P.S. The /proc/mdstat file currently contains the following:
Personalities : [raid1]
md4 : active raid1 sdc8[0] sda8[2](F)
927402816 blocks super 1.2 [2/1] [U_]
md3 : active raid1 sdc7[0] sda7[1](F)
664057280 blocks super 1.2 [2/1] [U_]
md2 : active raid1 sda5[3](F) sdc5[2]
258788216 blocks super 1.2 [2/1] [_U]
md1 : active raid1 sda2[3](F) sdc2[2]
48827320 blocks super 1.2 [2/1] [_U]
md0 : active raid1 sda1[3](F) sdc1[2]
390132 blocks super 1.2 [2/1] [_U]
… meaning the /dev/sda has failed, which was confirmed by:
[pon mar 9 06:25:12 2015] md/raid1:md3: redirecting sector 880806144 to other mirror: sdc7
[pon mar 9 06:25:12 2015] disk 0, wo:0, o:1, dev:sdc7
[pon mar 9 06:25:12 2015] disk 0, wo:0, o:1, dev:sdc7
[pon mar 9 06:25:13 2015] md/raid1:md4: redirecting sector 450275584 to other mirror: sdc8
[pon mar 9 06:25:13 2015] disk 0, wo:0, o:1, dev:sdc8
[pon mar 9 06:25:14 2015] disk 0, wo:0, o:1, dev:sdc8
[pon mar 9 06:25:19 2015] md/raid1:md0: redirecting sector 1028 to other mirror: sdc1
… ending with something like:
[pon mar 9 18:50:20 2015] sd 0:0:0:0: [sda] Unhandled error code
[pon mar 9 18:50:20 2015] sd 0:0:0:0: [sda] Result: hostbyte=DID_BAD_TARGET driverbyte=DRIVER_OK
[pon mar 9 18:50:20 2015] sd 0:0:0:0: [sda] CDB: Write(10): 2a 00 24 b7 c0 c8 00 00 08 00
[pon mar 9 18:50:20 2015] end_request: I/O error, dev sda, sector 616022216
[pon mar 9 18:50:20 2015] sd 0:0:0:0: [sda] Unhandled error code
[pon mar 9 18:50:20 2015] sd 0:0:0:0: [sda] Result: hostbyte=DID_BAD_TARGET driverbyte=DRIVER_OK
[pon mar 9 18:50:20 2015] sd 0:0:0:0: [sda] CDB: Write(10): 2a 00 24 b7 c0 d0 00 00 08 00
[pon mar 9 18:50:20 2015] end_request: I/O error, dev sda, sector 616022224
[pon mar 9 18:50:20 2015] end_request: I/O error, dev sda, sector 0
[pon mar 9 18:50:20 2015] end_request: I/O error, dev sda, sector 0
[pon mar 9 18:55:31 2015] end_request: I/O error, dev sda, sector 0
[pon mar 9 18:55:31 2015] end_request: I/O error, dev sda, sector 0
[pon mar 9 19:00:31 2015] end_request: I/O error, dev sda, sector 0
… in continuous loop.
While trying to read serial number of the disk to remove it, suprised by report:
smartctl --all /dev/sda
smartctl 5.41 2011-06-09 r3365 [x86_64-linux-3.2.0-4-amd64] (local build)

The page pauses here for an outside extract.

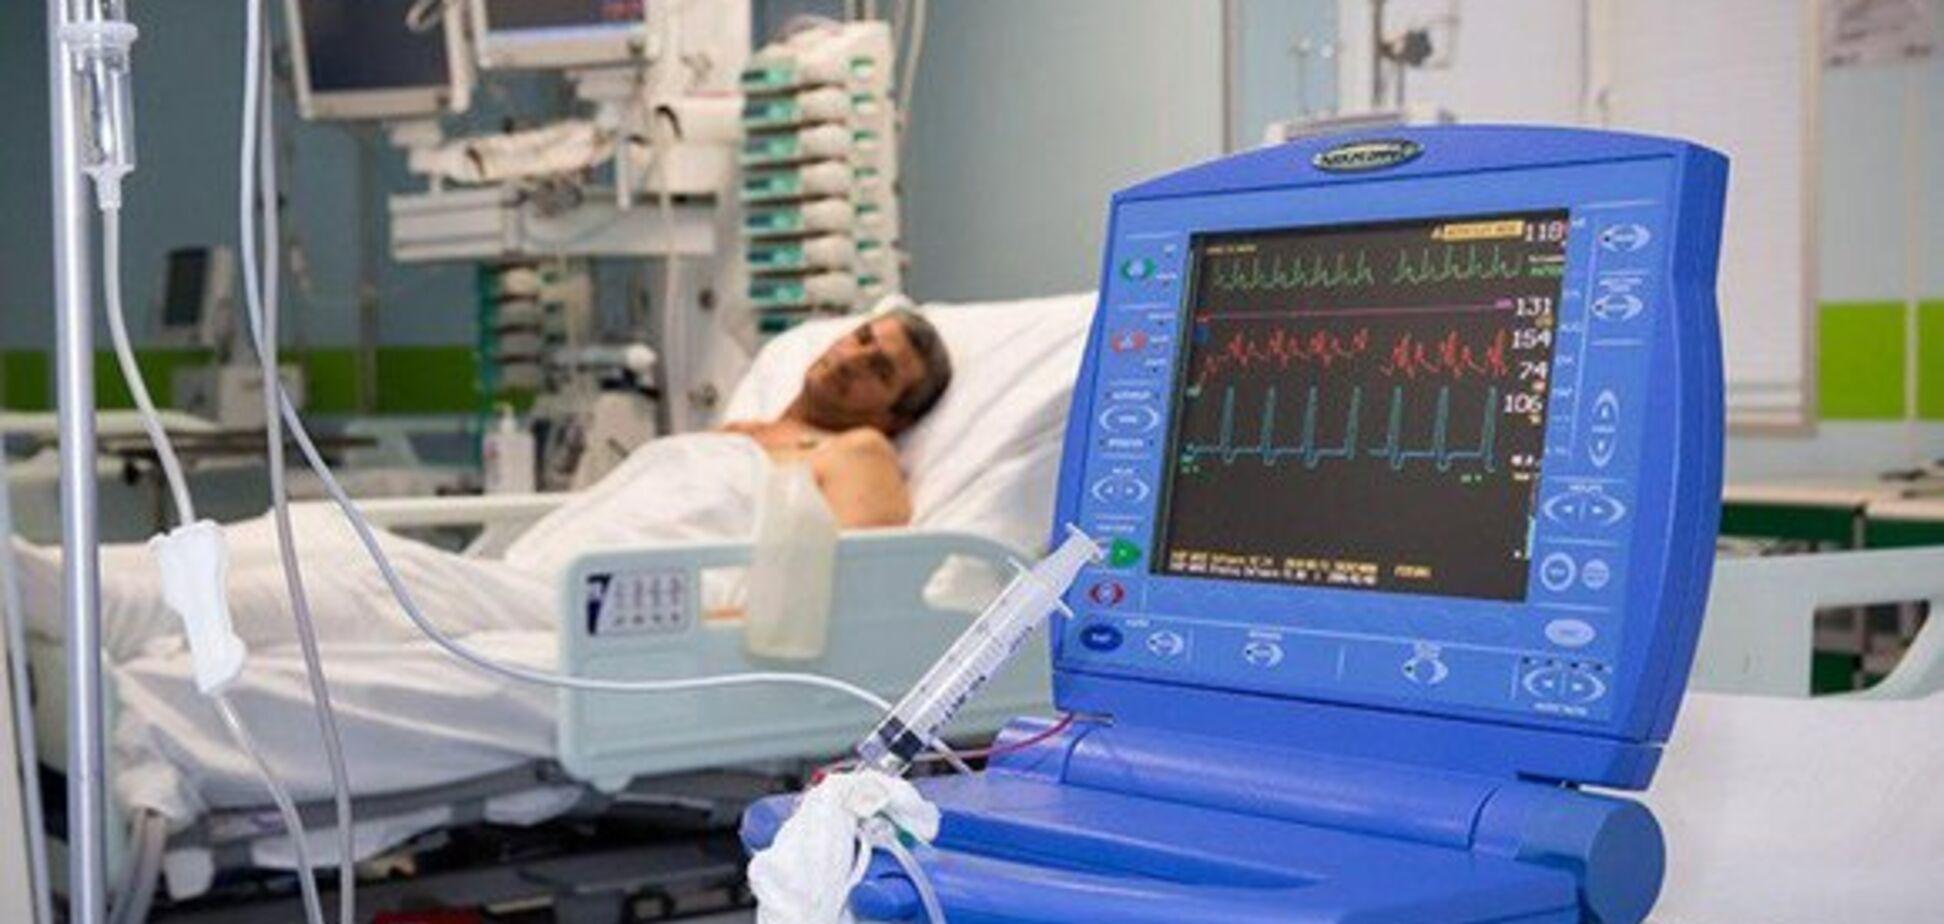 Лечение пациентов с COVID-19: что делают врачи?

Copyright © 2002-11 by Bruce Allen, http://smartmontools.sourceforge.net
Vendor: /0:0:0:0
Product:
User Capacity: 600,332,565,813,390,450 bytes [600 PB]
Logical block size: 774843950 bytes
scsiModePageOffset: response length too short, resp_len=47 offset=50 bd_len=46
>> Terminate command early due to bad response to IEC mode page
A mandatory SMART command failed: exiting. To continue, add one or more ‘-T permissive’ options.
where should be:
User Capacity: 2,000,398,934,016 bytes [2,00 TB]
Sector Sizes: 512 bytes logical, 4096 bytes physical
SATA port seems to be ok, because working drive has been connected to it during replacement.
Now doing zeroing of failed disk, it’s at 5%, it has around 3000h uptime, thinking about RMA it?